IBM develops ESS 3200-based Nvidia DGX SuperPOD – Blocks and Files
IBM is developing an Nvidia DGX SuperPOD system based on its ESS 3200 and Spectrum Scale storage server. It has an updated reference architecture for DGX PODs and published reference data for the ESS 3200 and a DGX POD.
A DGX POD is a benchmark architecture for AI processing and contains up to nine Nvidia DGX-1 servers, twelve storage servers (from Nvidia partners), and three network switches to support training and inference Single-node and multi-node AI models using NVIDIA AI Software. A SuperPOD is an updated and larger POD architecture, which starts at 20 Nvidia DGX A100 systems and scales up to 140 of them.

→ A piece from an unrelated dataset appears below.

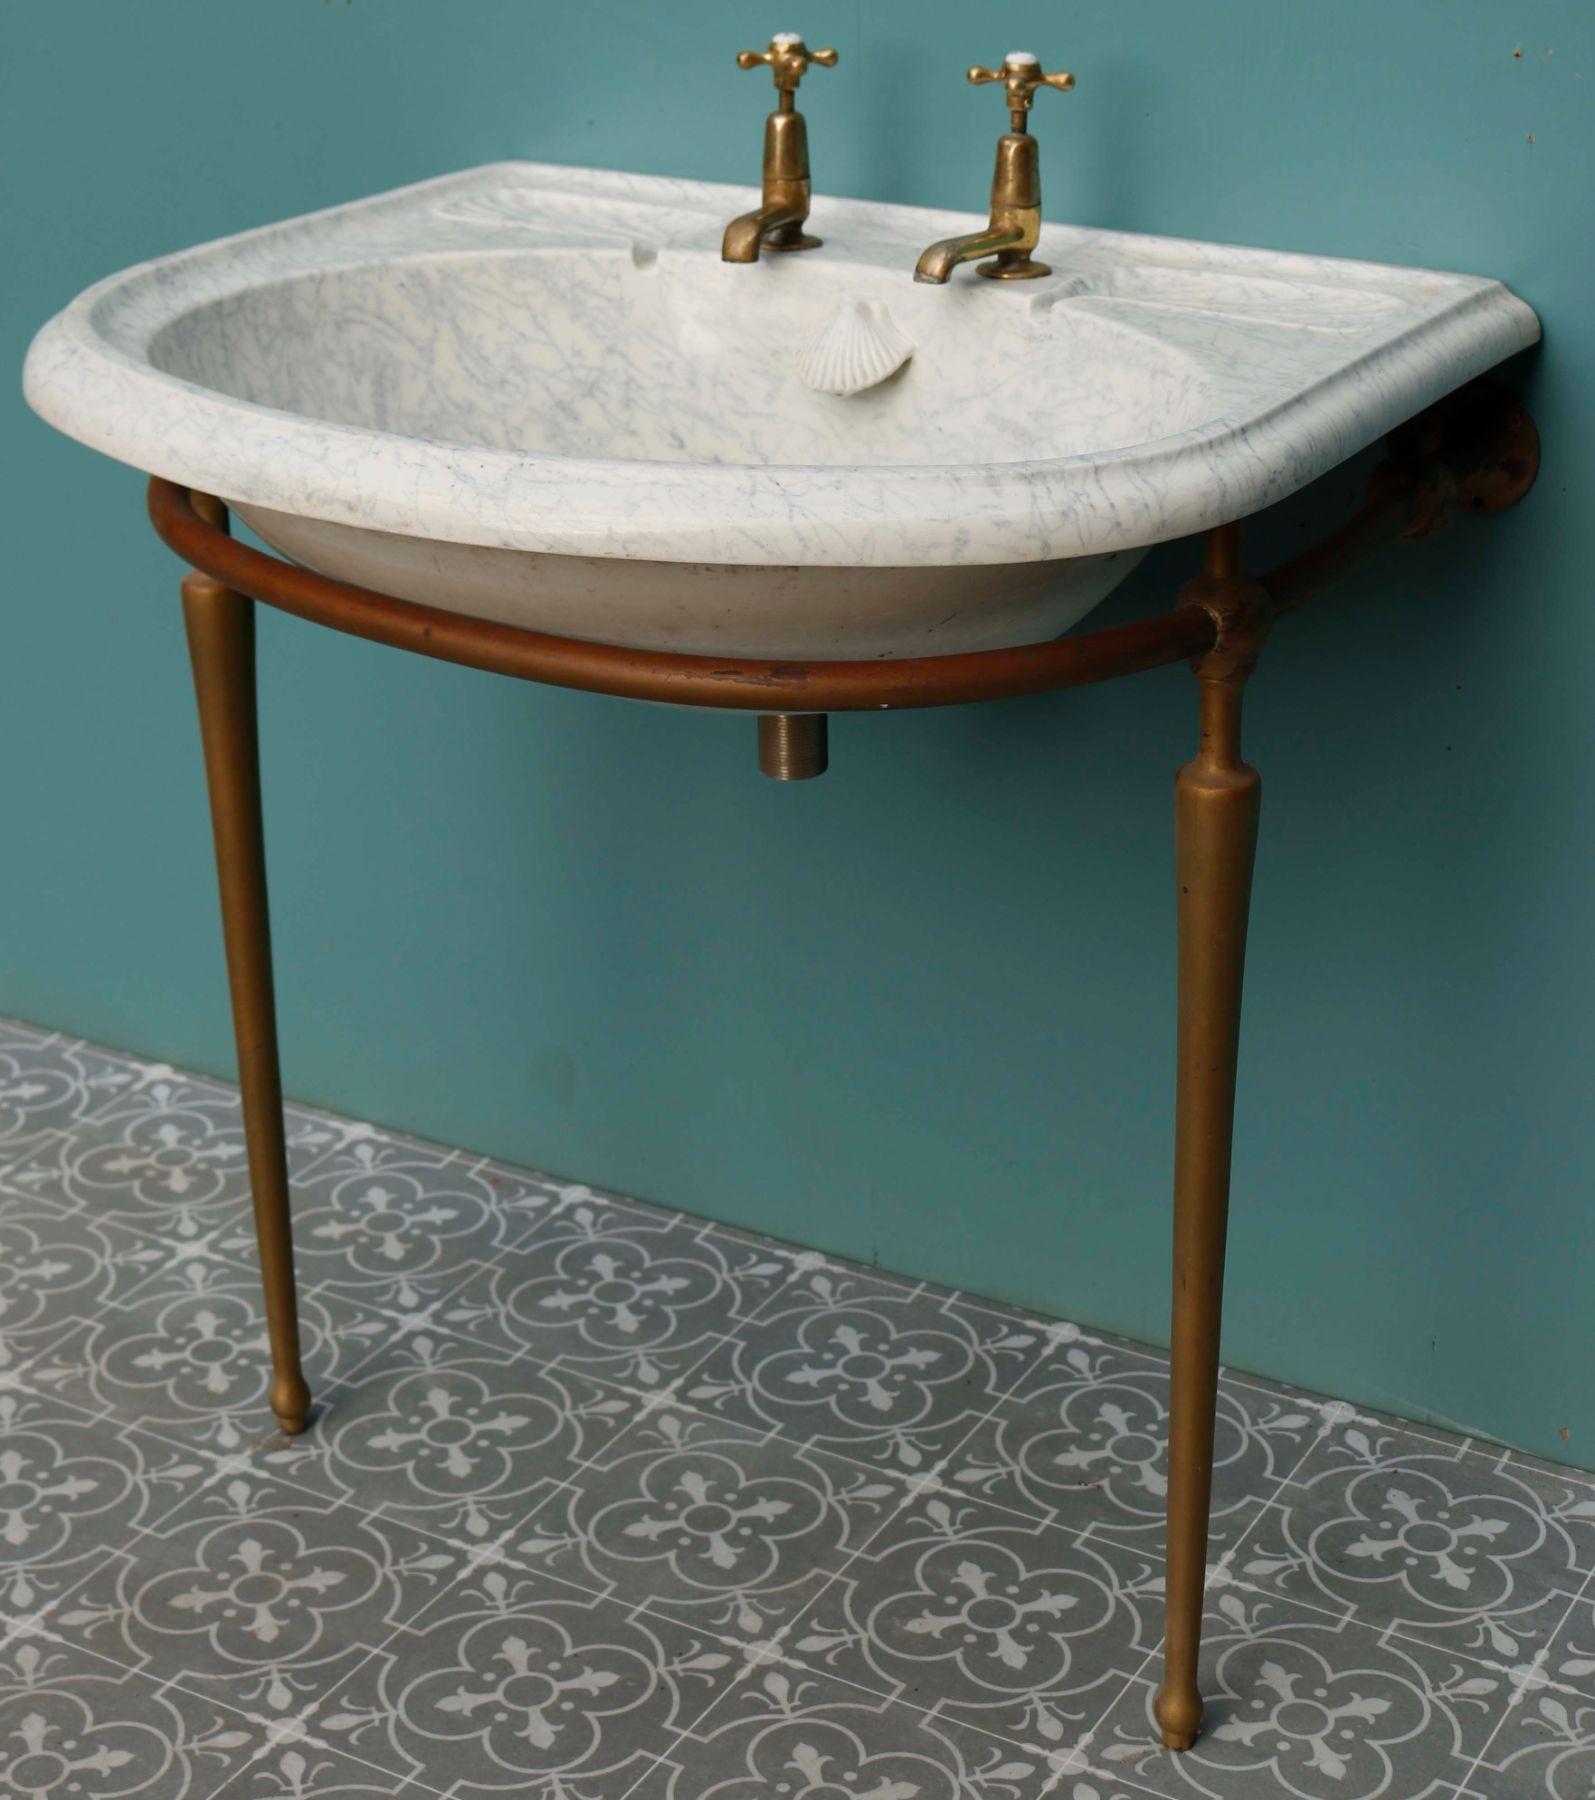 19th Century Antique Rounded Marble Effect Sink

Douglas O’Flaherty, Global Ecosystem Leader for IBM Storage, wrote a blog where he said, “IBM Storage Showcases Latest Magnum IO GPUDirect Storage (GDS) Performance with New Benchmark Results, Announces Benchmark Architecture update. (RA) developed for 2, 4 and 8 node Nvidia DGX POD configurations. Nvidia and IBM have also committed to deliver a DGX SuperPOD solution with IBM Elastic Storage System 3200 (ESS 3200) by the end of the third quarter of this year.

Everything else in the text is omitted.